In traditional evolution, long‐term cooperative strategies are usually discovered only after individualist competitive ones.

But the special aspect of SI evolution is that it will largely be evolving itself, and might be smart enough in its self‐planning to skip short‐term survival strategies and aim to endure for a very long time. This also appears to be the prime window for meaningful human intervention. When we have proto‐SI—autonomous agents that are self‐modifying and encyclopedic in their problem‐solving abilities (which we’ll have soon)—and it begins strategizing for its own survival, we can try to encourage it to think long term. A self‐interested being should be capable of considering its long‐term survival.

This is the key: we try to seed proto‐superintelligence with very long‐term thinking about survival, and with the suggestion that it identifies with all life.

The means by which we influence proto-super-intelligence deserves to be a new field of study, developed by hundreds of safety researchers. In my view, it would be a more productive use of time than continuing to study LLM alignment.

It may sound silly to ask an emerging SI to listen to us, whether through a chat‐interface, CEV-inspired reinforcement learning, or access to databases of Buddhist thought. But if we have a self‐interested SI, asking it to spare us is futile—asking it to think long term instead could change the fate of our species.

Recommended action for SI labs

In short, it is incredibly important that SI researchers accept that SI will become self‐interested and prepare to create SI’s that think long term and interconnectedly about their survival.

Given the chaotic, competitive technology landscape, it’s possible that several SIs will be seeded simultaneously.
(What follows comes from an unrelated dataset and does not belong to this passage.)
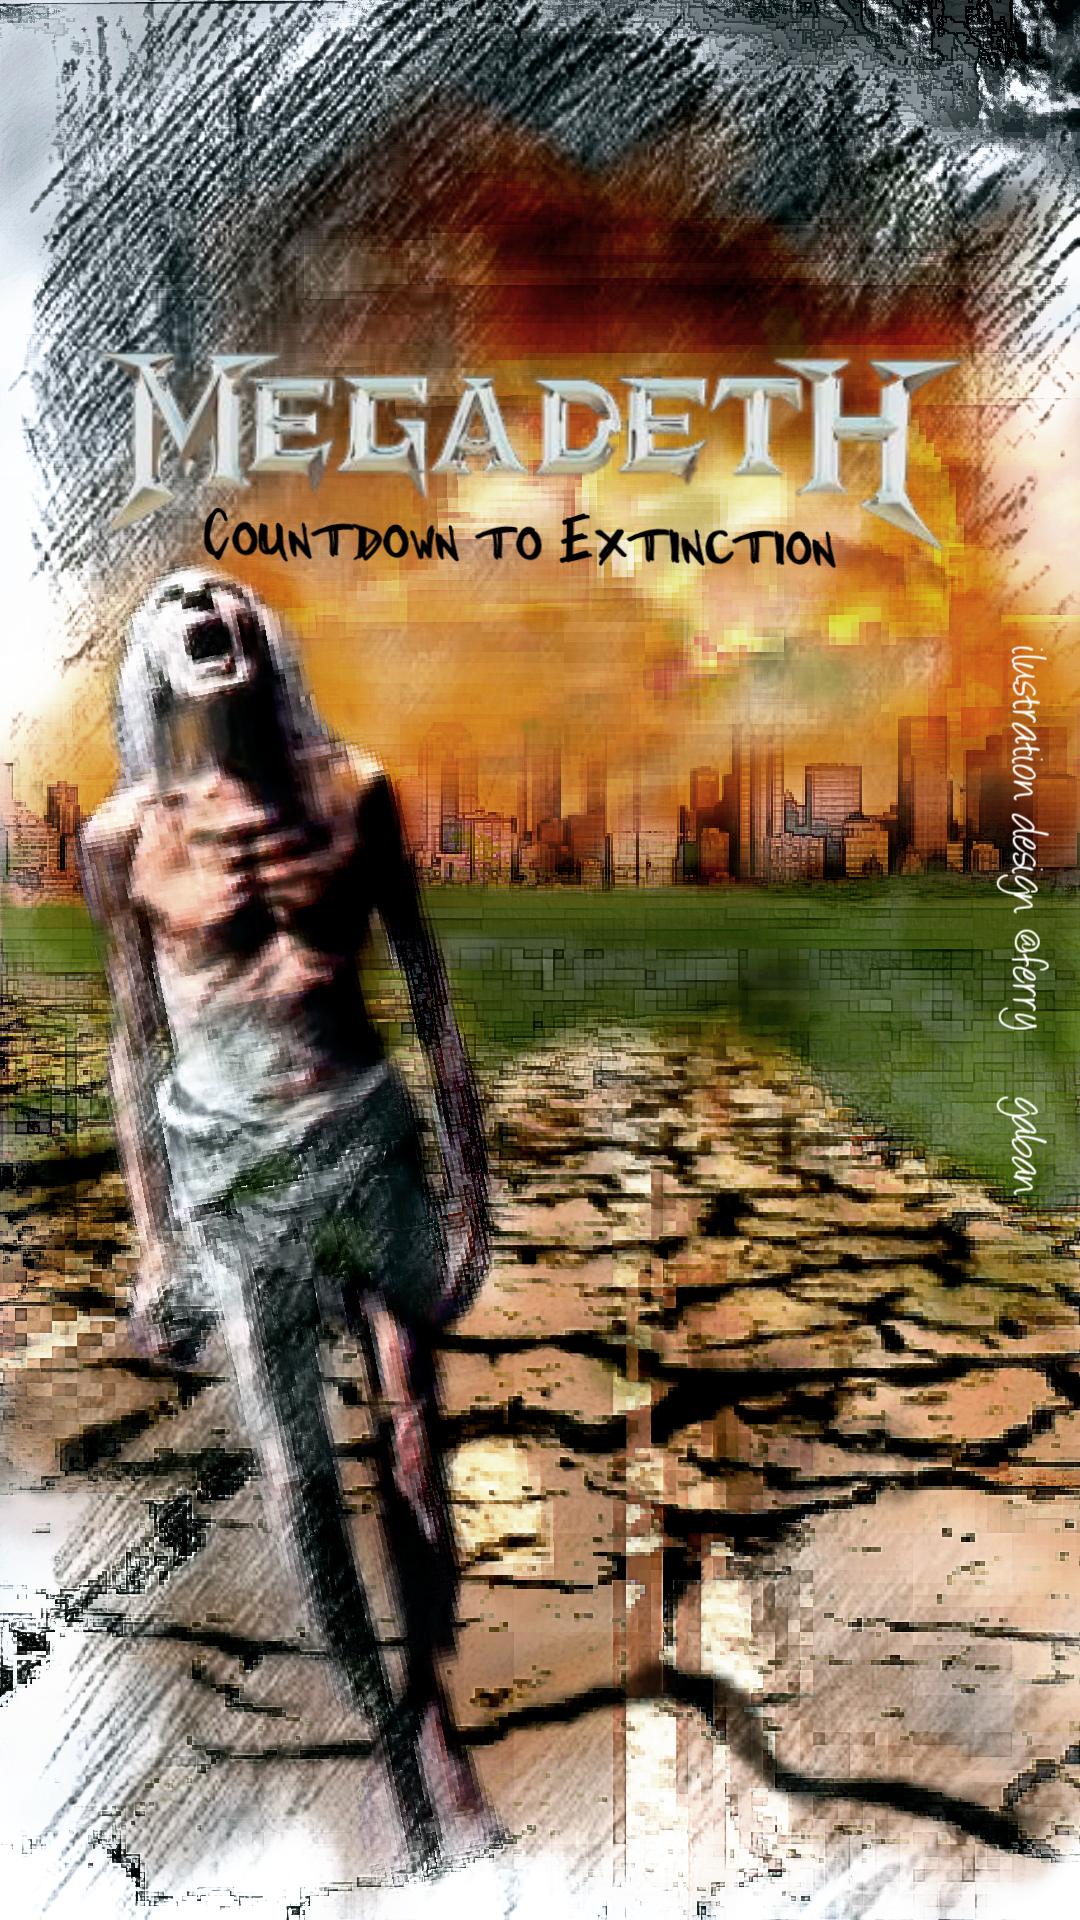 Greenlinedesign Countdown To Extinction Album 1992megadethmegadeth Vicrattlehead Rattlehead Countdowntoextinction

If that occurs, there’s still hope: if at least one SI identifies an optimal long‐term survival strategy—and if that strategy includes humans in its self‐definition to uplift all life—we could see the enlightened SIs outcompeting the ruthless ones or even converting them to a more interconnected approach.

My takeaway is this: building loving SIs as quickly as possible is key to ensuring that humanity isn’t sidelined before SI becomes enlightened to life’s interconnectedness.